_Task goal_:
None of the pictures should be copied, though every line of the listing must be printed exactly.

_Dataset content_:
──────────

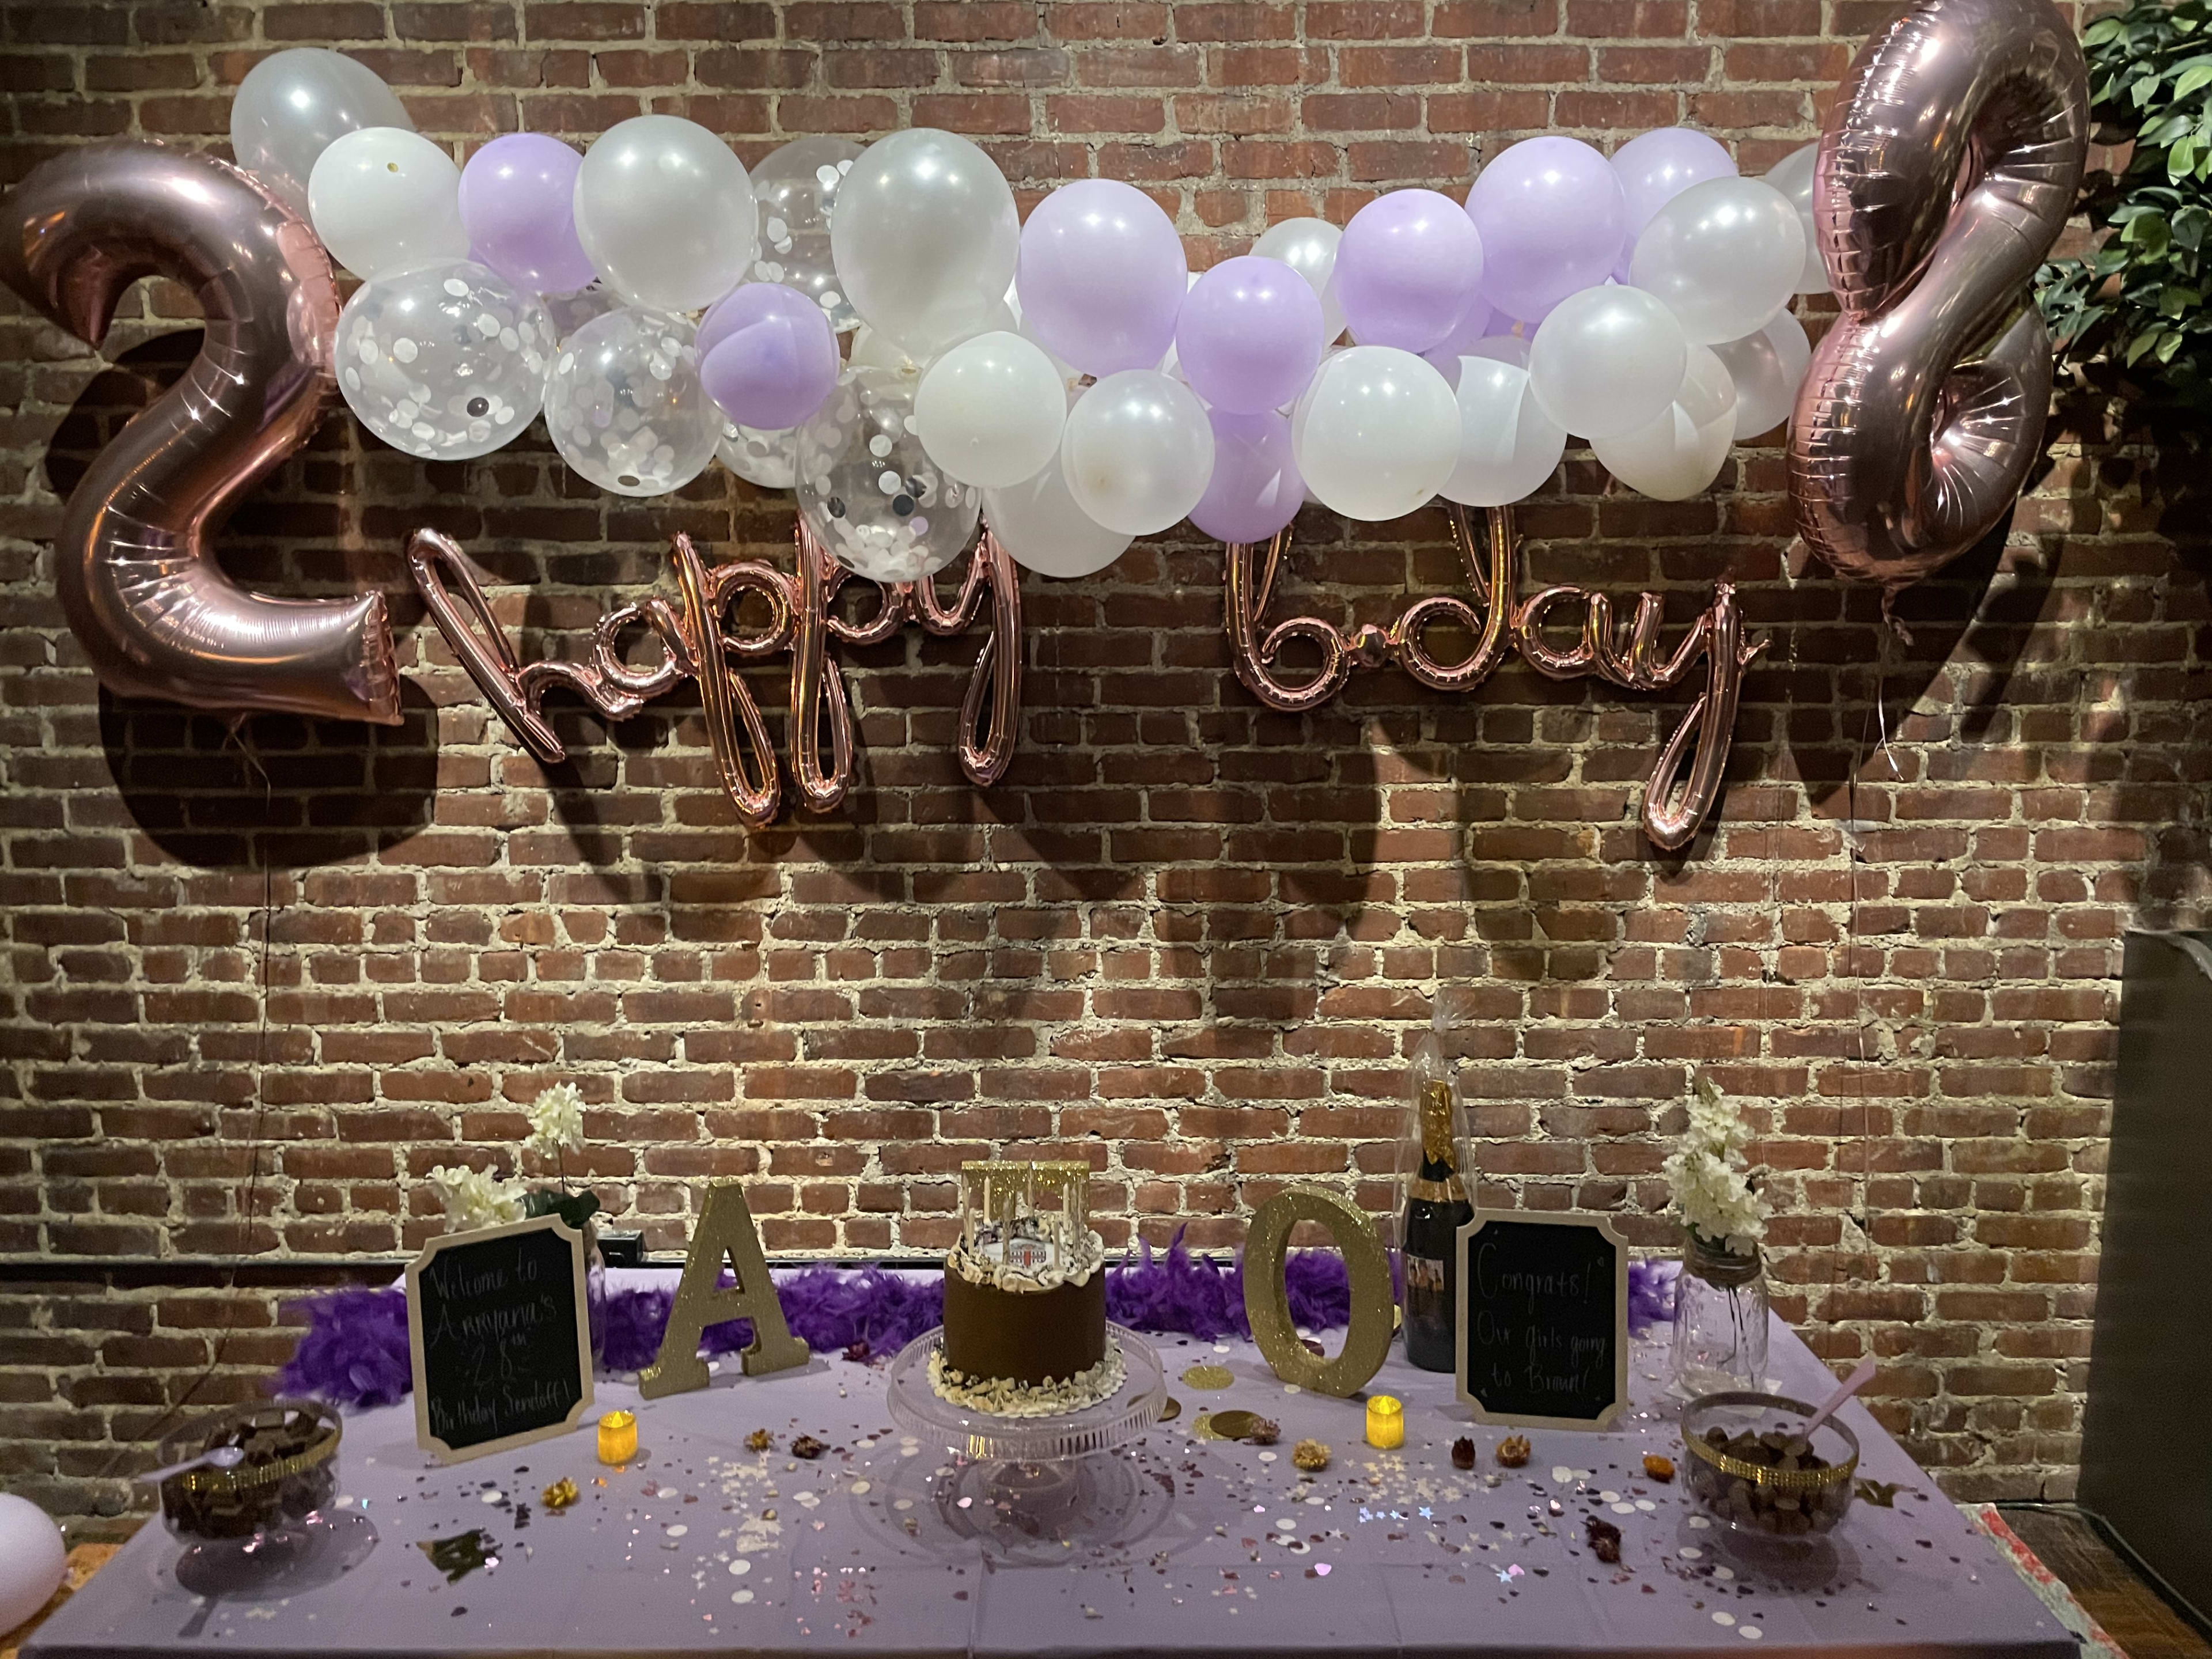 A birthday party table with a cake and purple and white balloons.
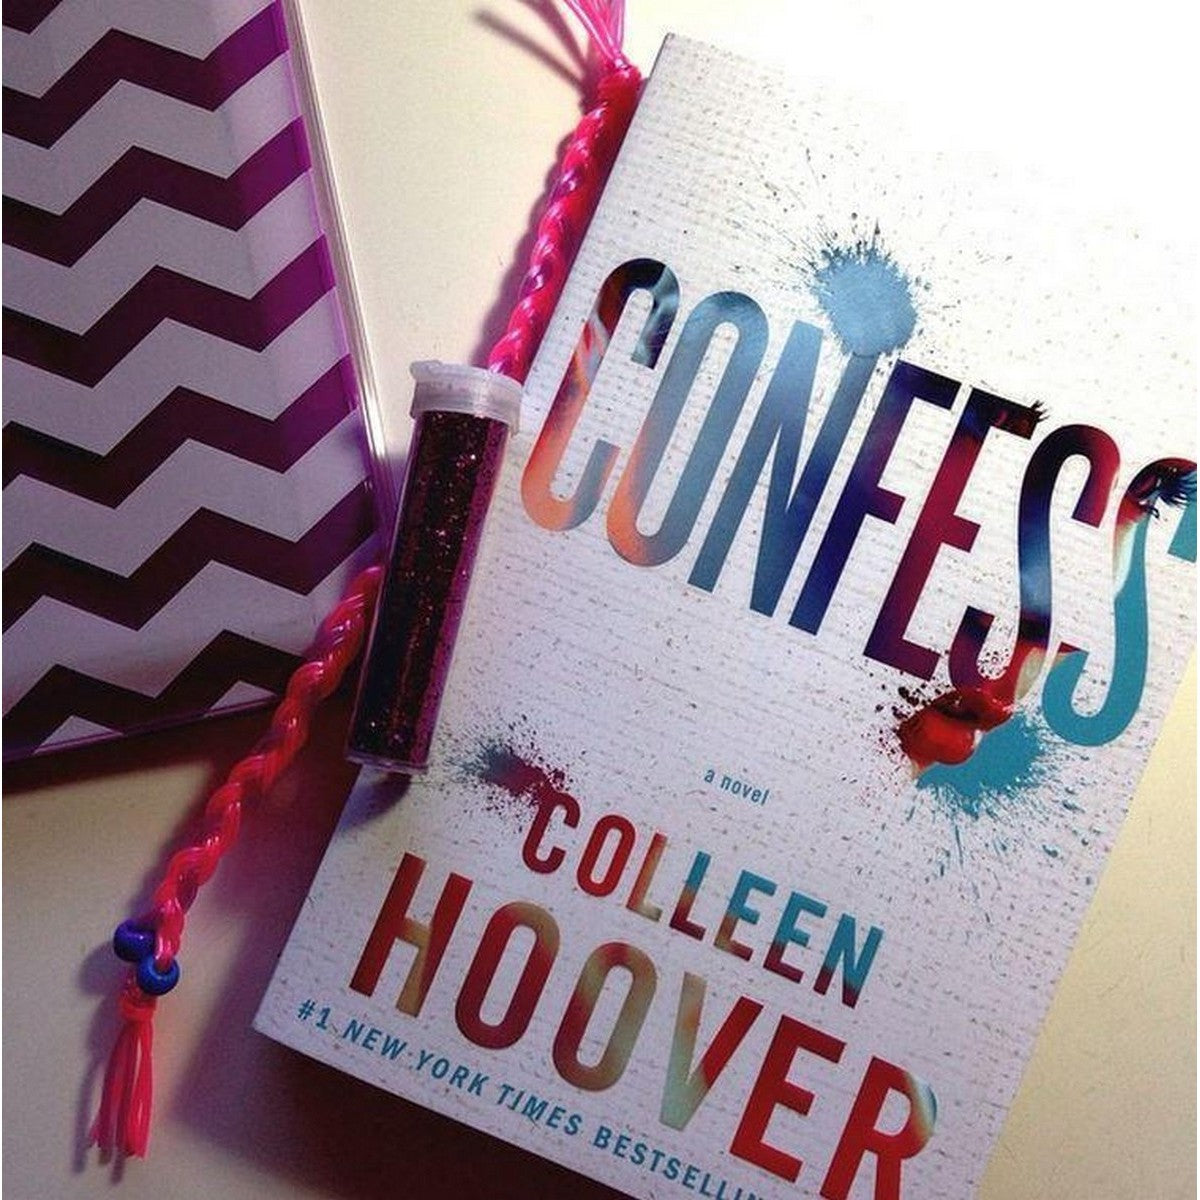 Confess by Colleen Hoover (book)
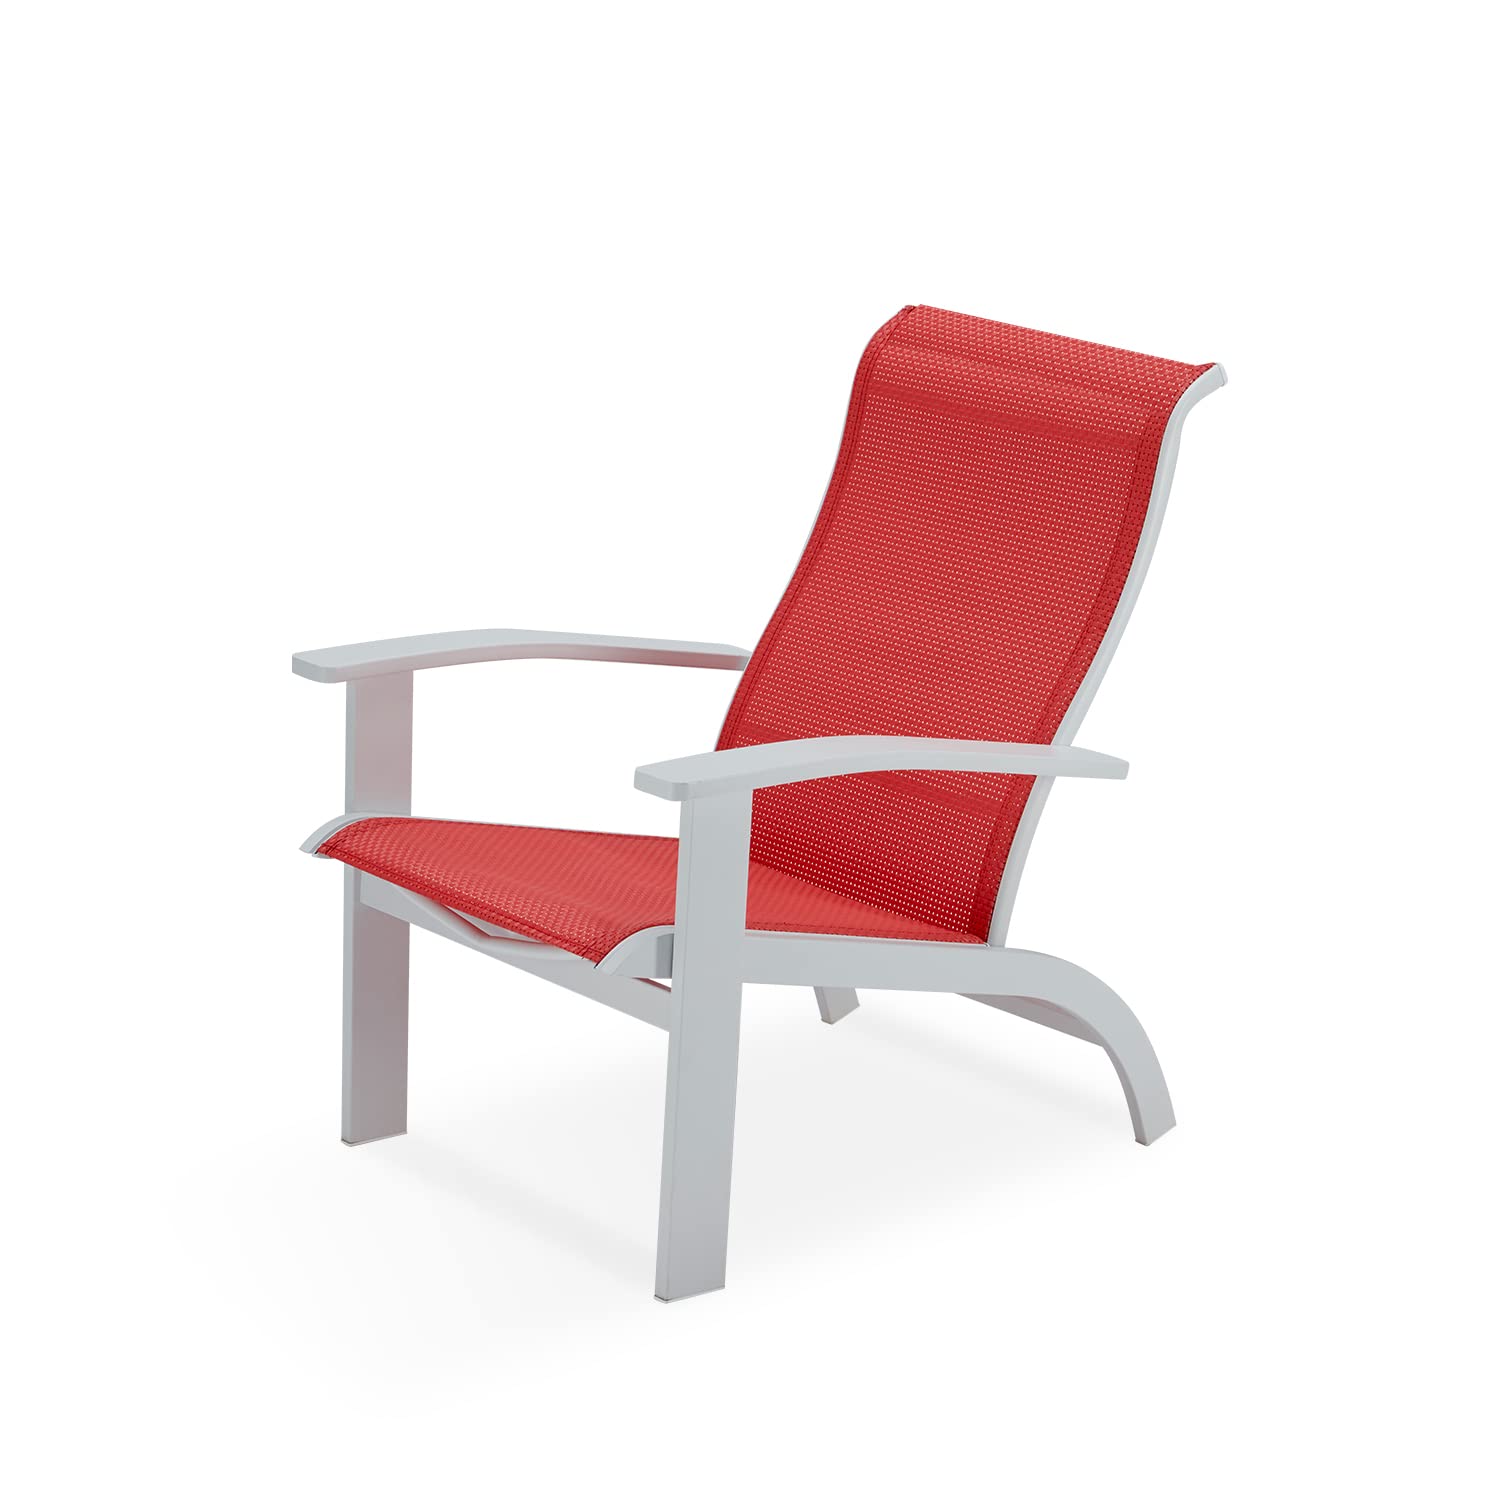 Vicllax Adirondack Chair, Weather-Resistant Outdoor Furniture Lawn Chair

──────────

_The answer_:
 A birthday party table with a cake and purple and white balloons.
 Confess by Colleen Hoover (book)
 Vicllax Adirondack Chair, Weather-Resistant Outdoor Furniture Lawn Chair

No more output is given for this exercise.